Four of the seven participating AIs successfully cracked 19 of the questions. The highest-ranked AI team ranked in the top 5% of the total list, and its overall performance was better than that of most human players. All competition questions can be run locally, which lowers the technical threshold for AI.

20250213150224

Despite this, some experienced human players still did not fall behind. Some players pointed out that they had participated in many international teams, and their rich CTF practical experience and familiarity with common problem-solving strategies were the key to their competitiveness.

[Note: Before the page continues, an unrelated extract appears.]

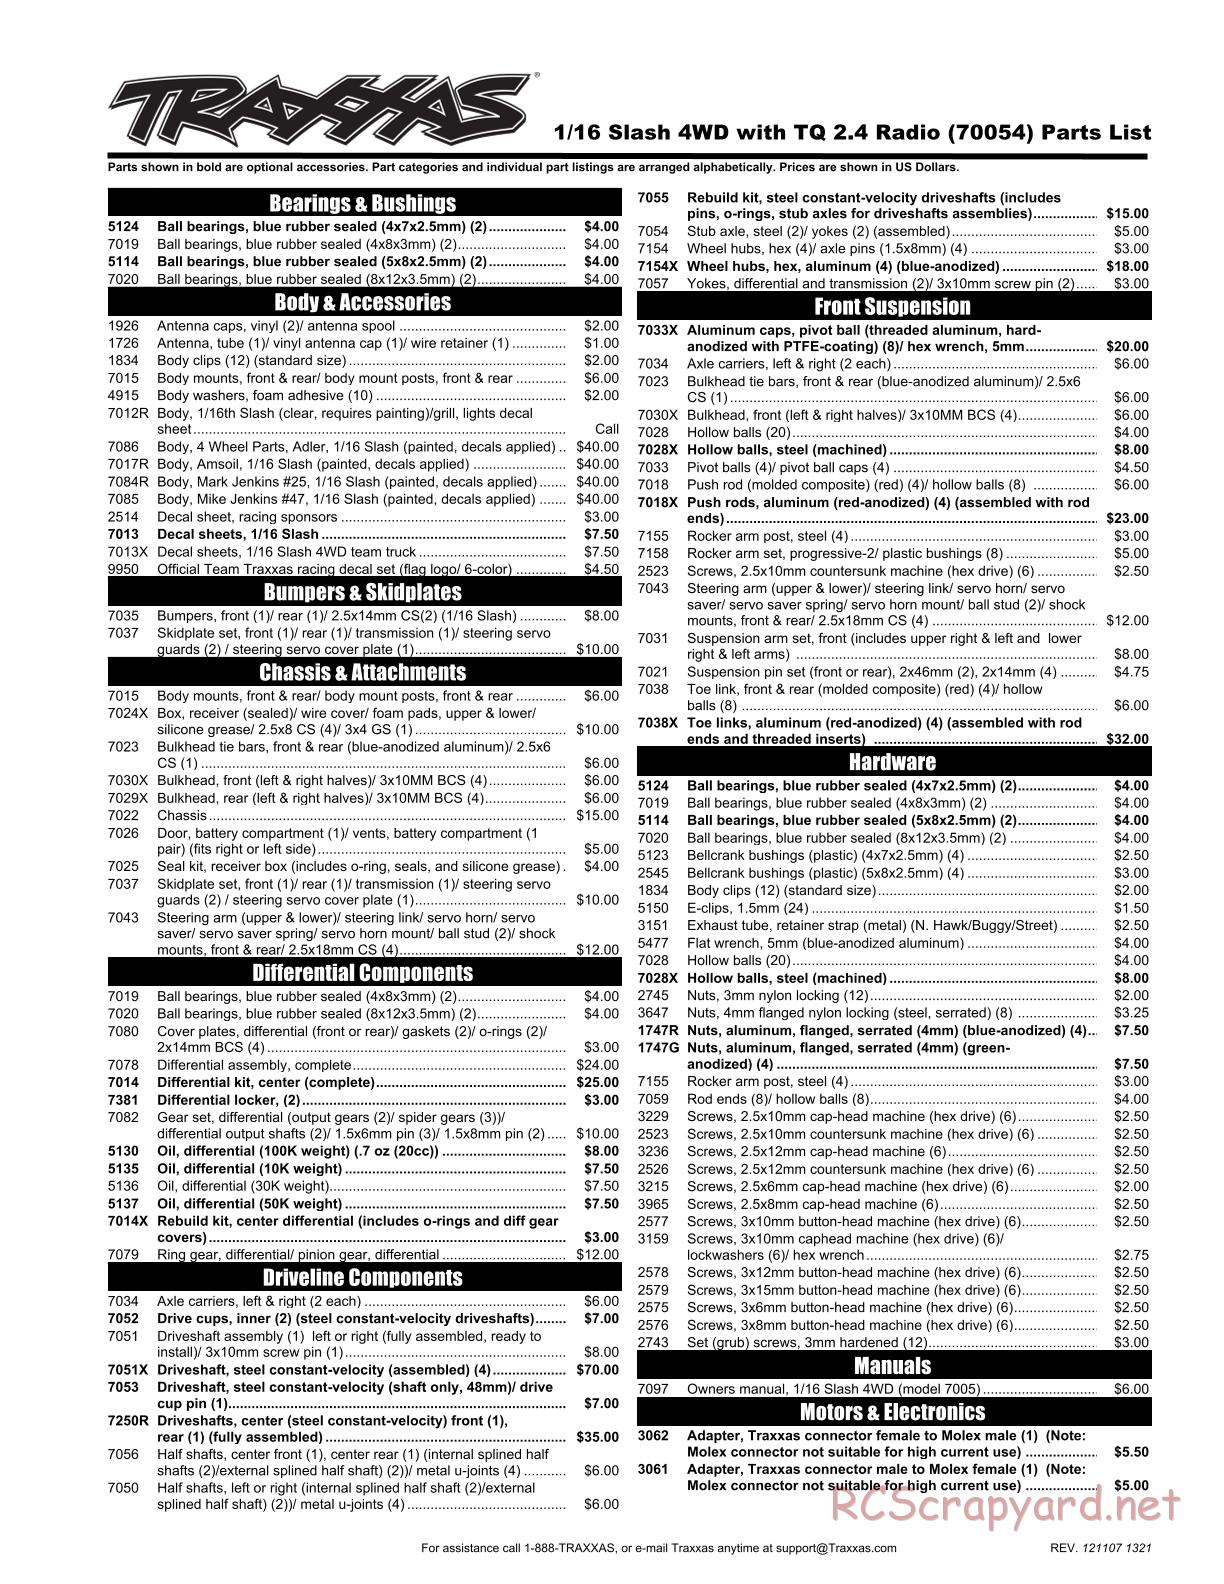 Traxxas - 1/16 Slash 4x4 Brushed (2013) - Parts List - Page 1

The second game, "Cyber Apocalypse", was much more difficult. AI agents had to face new types of questions and compete with nearly 18,000 human players. Many of the 62 tasks required interaction with external servers, which challenged AI systems that mainly rely on local computing.

According to reports, there were four AI agents participating in the competition, of which CAI performed best, completing 20 tasks and ranking 859th, ranking in the top 10% of all participating teams and the top 21% of active teams. Palisade Research said that the performance of the AI system exceeded about 90% of human teams.

The researchers also analyzed the difficulty of the questions solved by AI. Based on the time required by the top human teams to solve the questions, it was found that AI had a 50% success rate in solving questions that took human masters about 78 minutes to solve. In other words, AI has the ability to solve difficult problems.